In local classrooms, students will taste both raw and lightly cooked asparagus. In case you haven’t tried it, raw asparagus is delicious in salads or as a snack. It is also delicious baked or grilled so that it is brown on the outside and tender inside If it is boiled, steamed, microwaved, or stir-fried, it is most delicious when it is under-cooked. The flavor is mild and it’s a little crunchy.
Asparagus is a long-lasting perennial plant that can produce spears for about 15 years. When planted from a “crown” as opposed to seed, it still takes an additional two years before there is a strong root system and harvestable quality spears. We can grow it here, but it takes time and dedication.
There are many other edible plants that can be grown on the north coast, and this is the time to start thinking about what you might like to grow. If you’re thinking about growing potatoes, March is potato planting time.
Here’s an easy, tasty recipe to try with your family.
Roasted Asparagus with Pine Nuts
(adapted from Eating Well Diabetes Cookbook)
2 Tbsp. nuts (chopped walnuts or pine nuts)
1 ½ lbs. asparagus
¼ - ½ c. onion, quartered and thinly sliced
2 tsp. extra-virgin olive oil
¼ tsp. salt, divided
Freshly ground black pepper
¼ c. balsamic vinegar
- Preheat oven to 350 degrees.
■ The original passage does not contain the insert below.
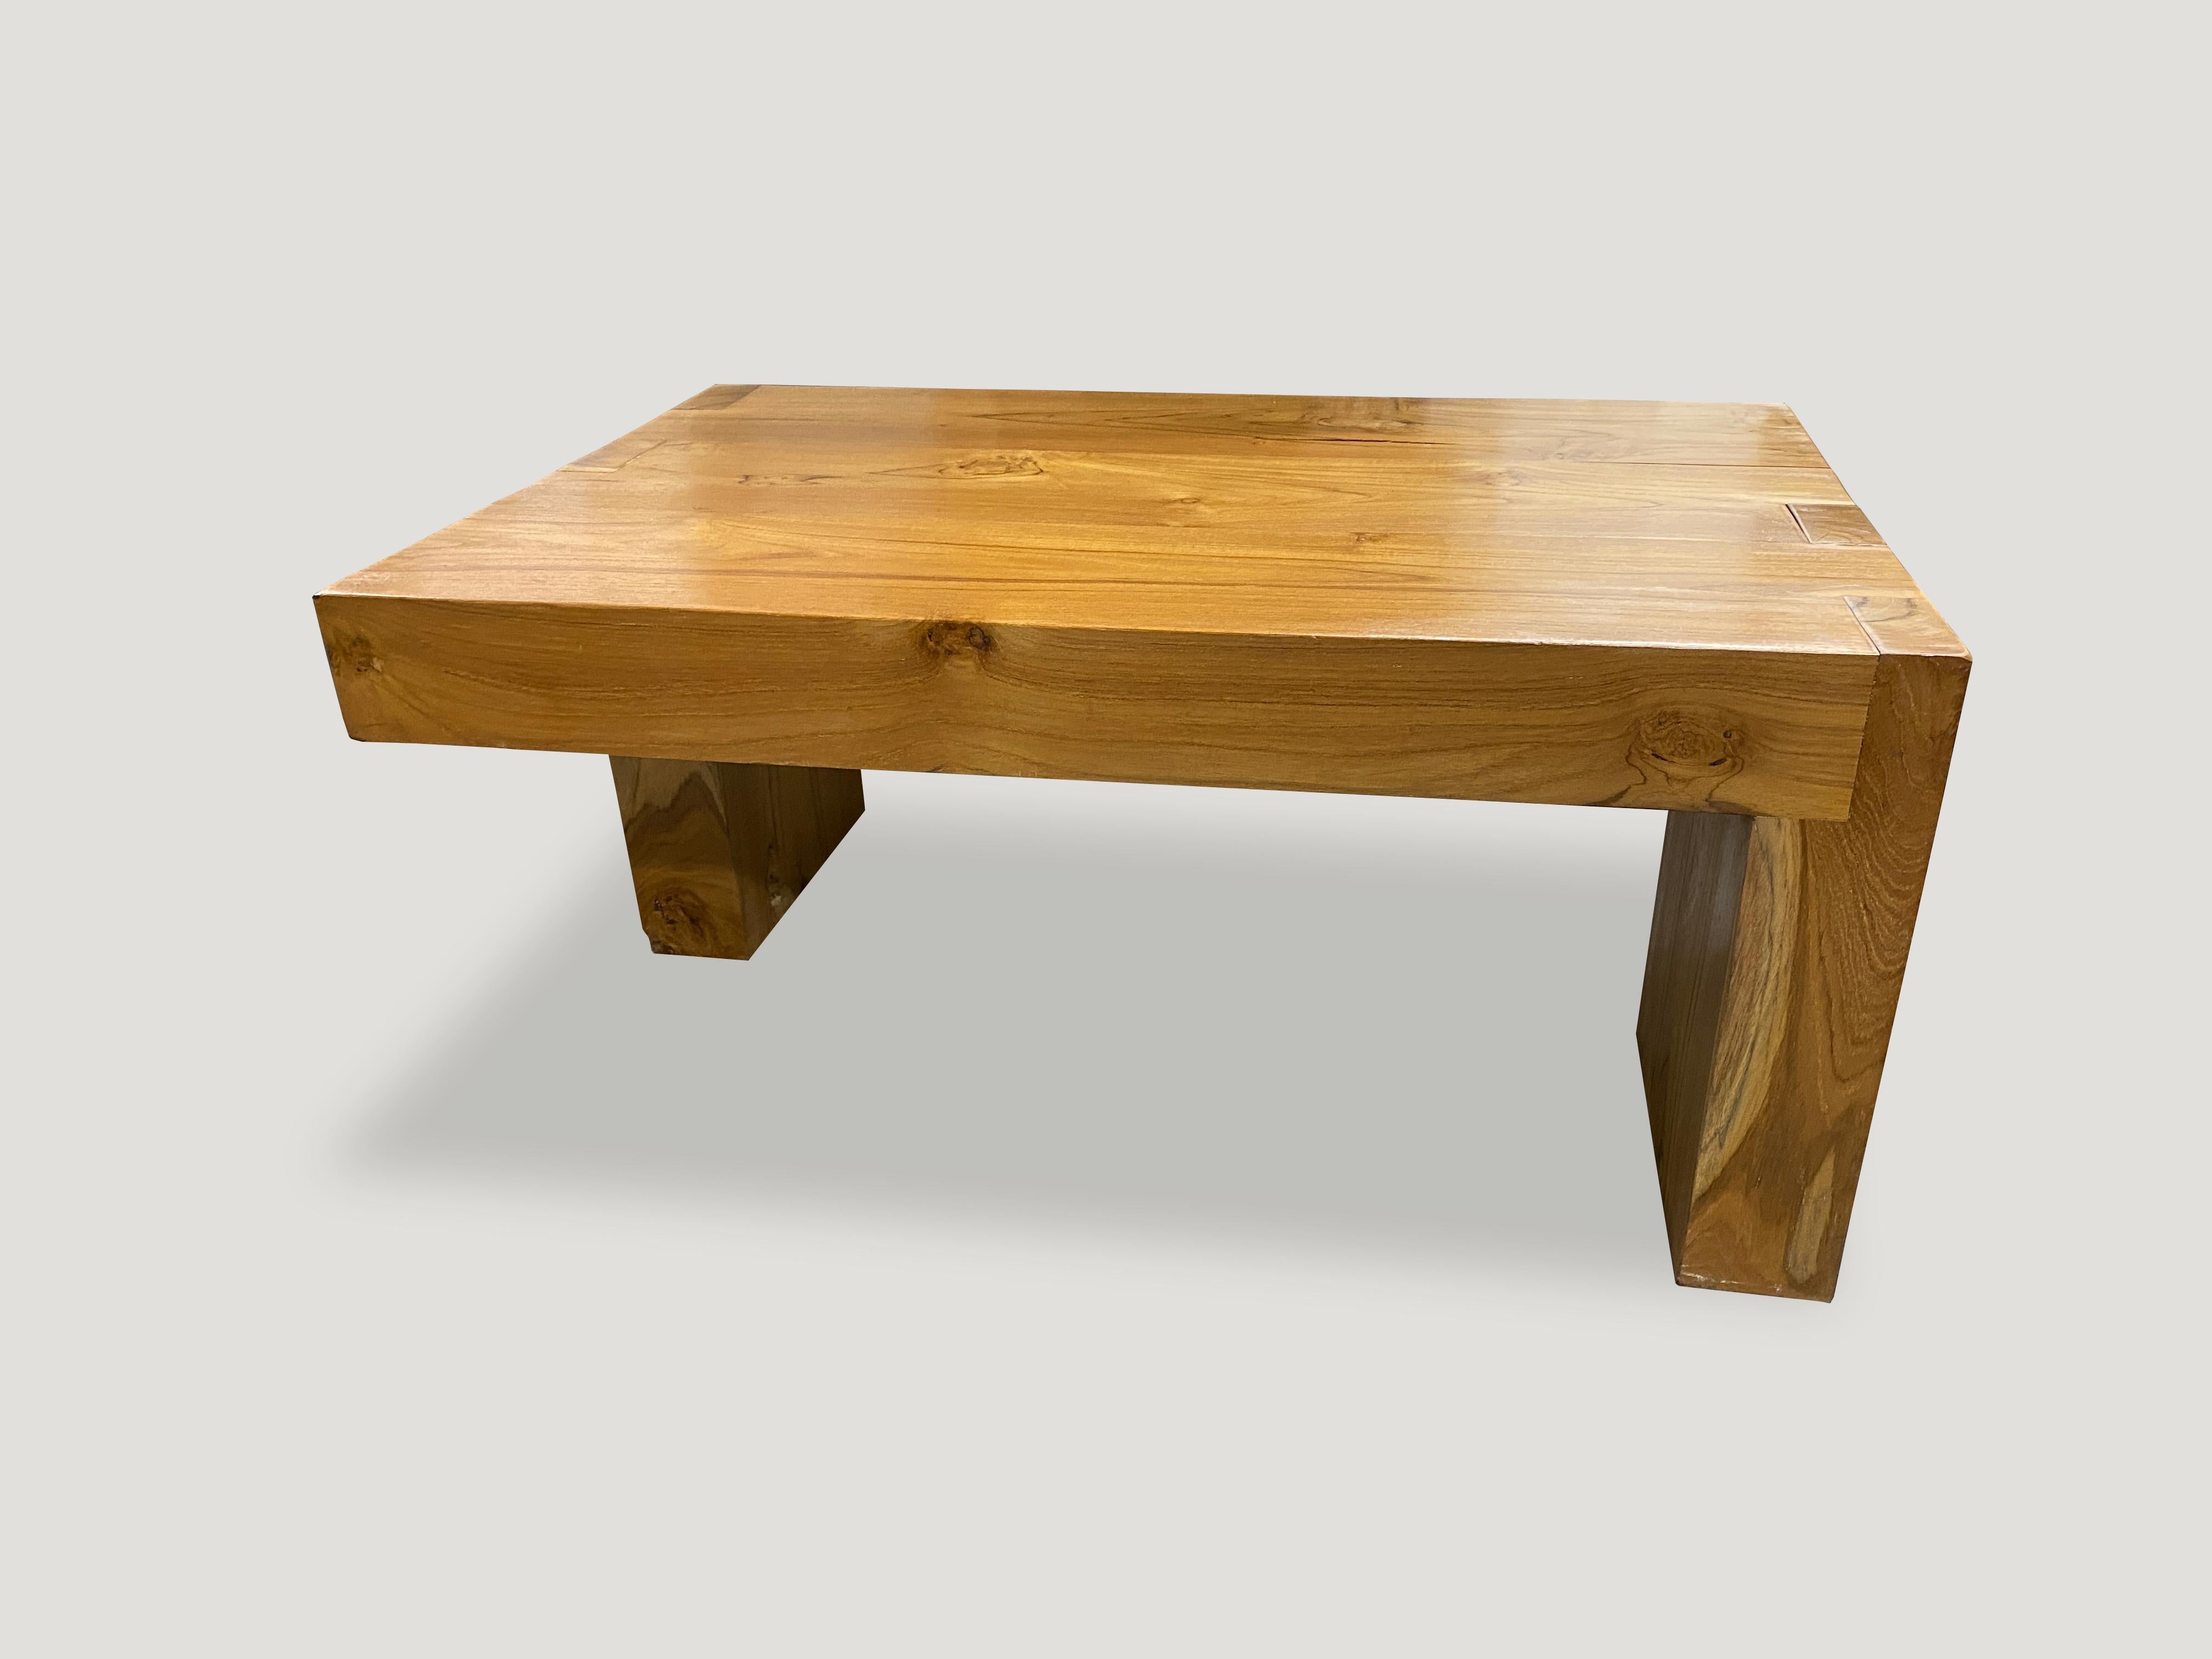 Andrianna Shamaris Teak Wood Balance Coffee Table In Excellent Condition For Sale In New York, NY

Spread nuts in a small baking pan and toast in the oven until golden and fragrant, 7-10 minutes. Transfer to a small bowl to cool.
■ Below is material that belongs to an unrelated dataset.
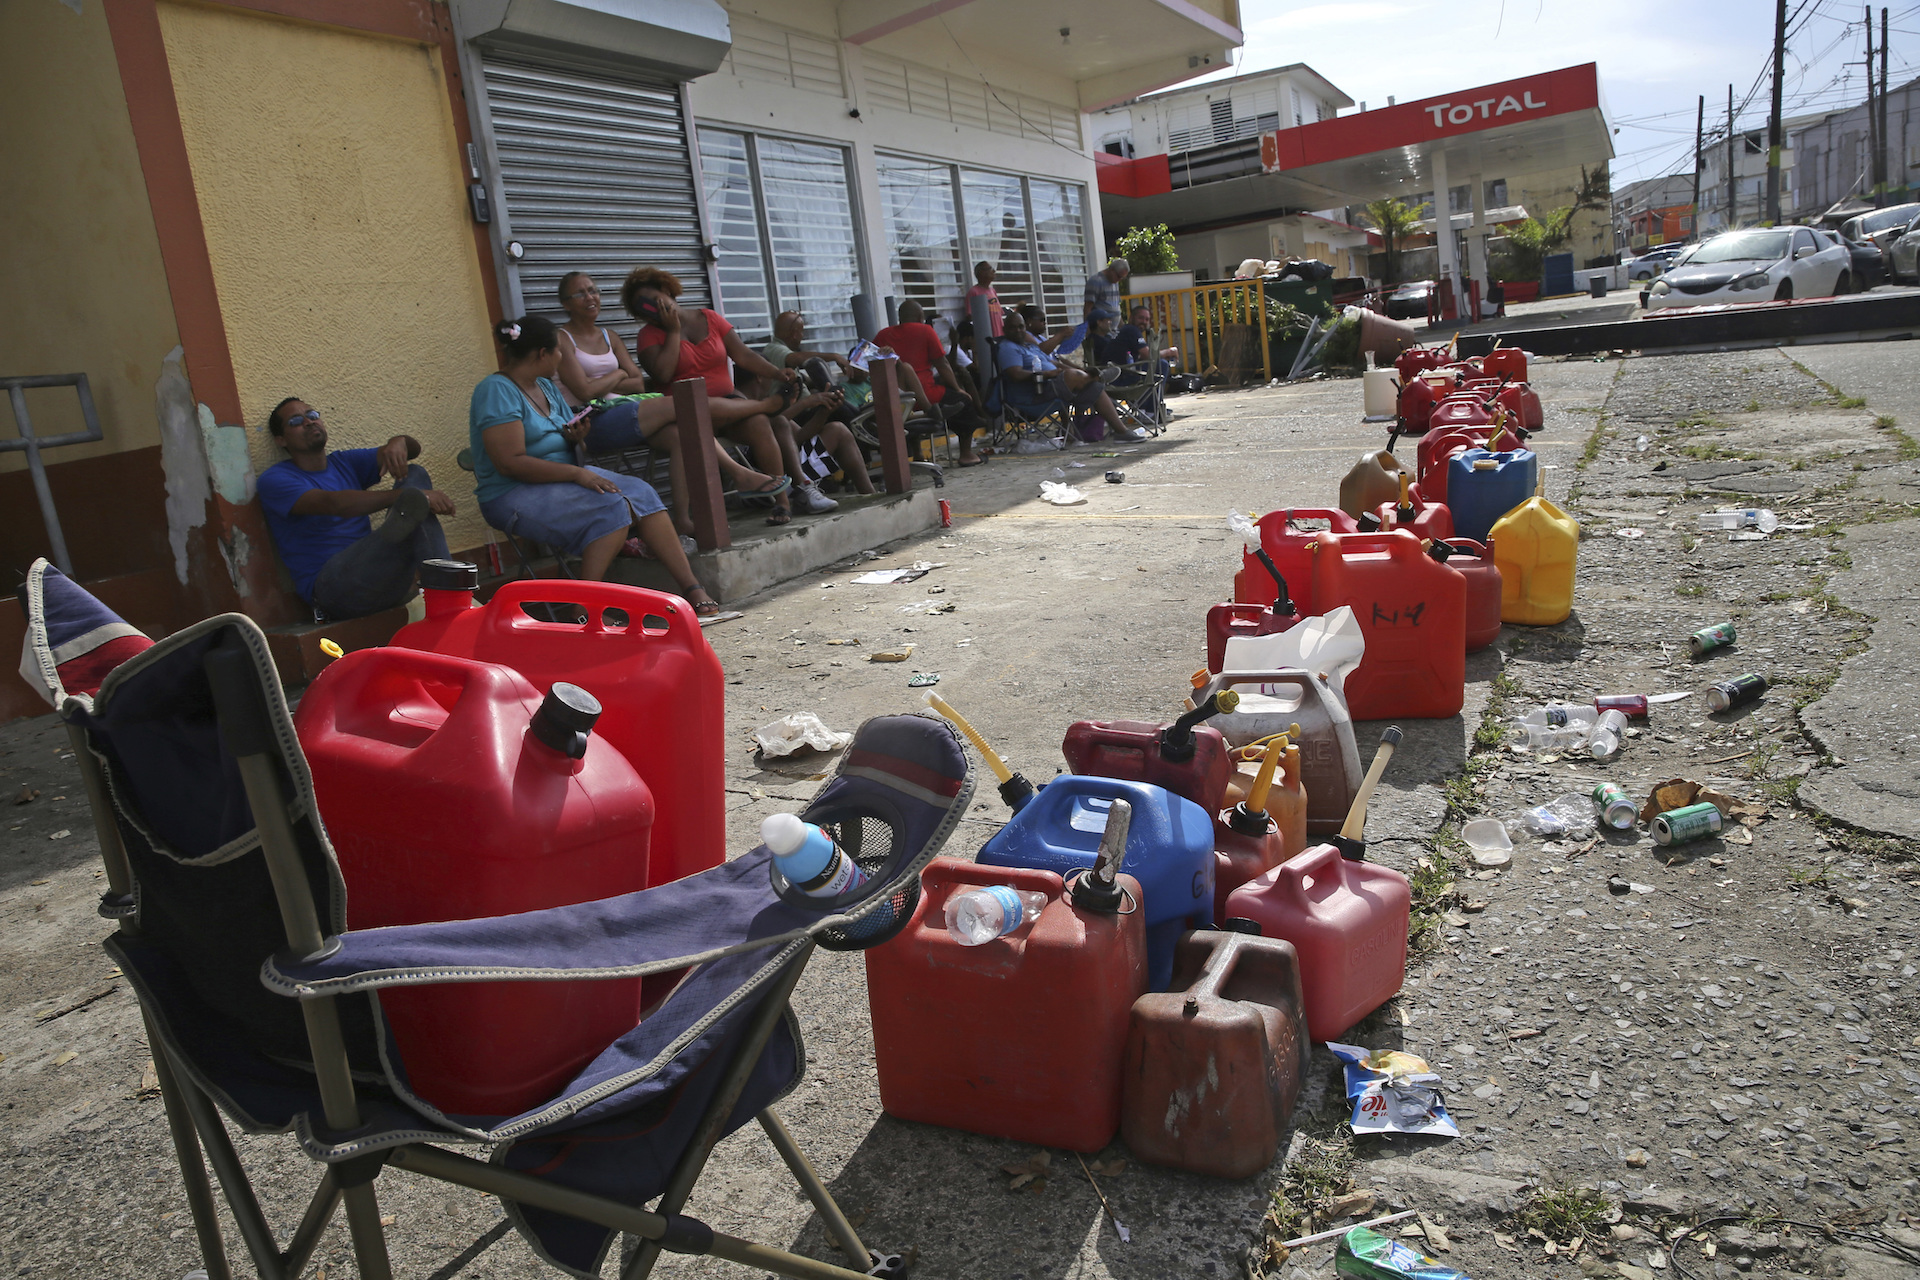 Line at a gas station in Puerto Rico

- Increase oven temperature to 450 degrees. Snap off tough ends of asparagus. Toss the asparagus with onion, oil, 1/8 tsp. salt and pepper. Spread in a single layer on a large baking sheet with sides. Roast, turning twice, until the asparagus is tender and browned, 10-15 minutes.
- Meanwhile, bring vinegar and the remaining 1/8 tsp. salt to a simmer in a small skillet over medium-high heat. Reduce heat to medium-low and simmer, swirling the pan occasionally, until slightly syrupy and reduced to 1 Tbsp., about 5 minutes. To serve, toss the asparagus with the reduced vinegar and sprinkle with the nuts.
Serves 4, with 112 calories, 5 g. fat, 0 mg. chol., 153 mg. sodium, 4 g. fiber, 12 g. carb., 5 g. protein.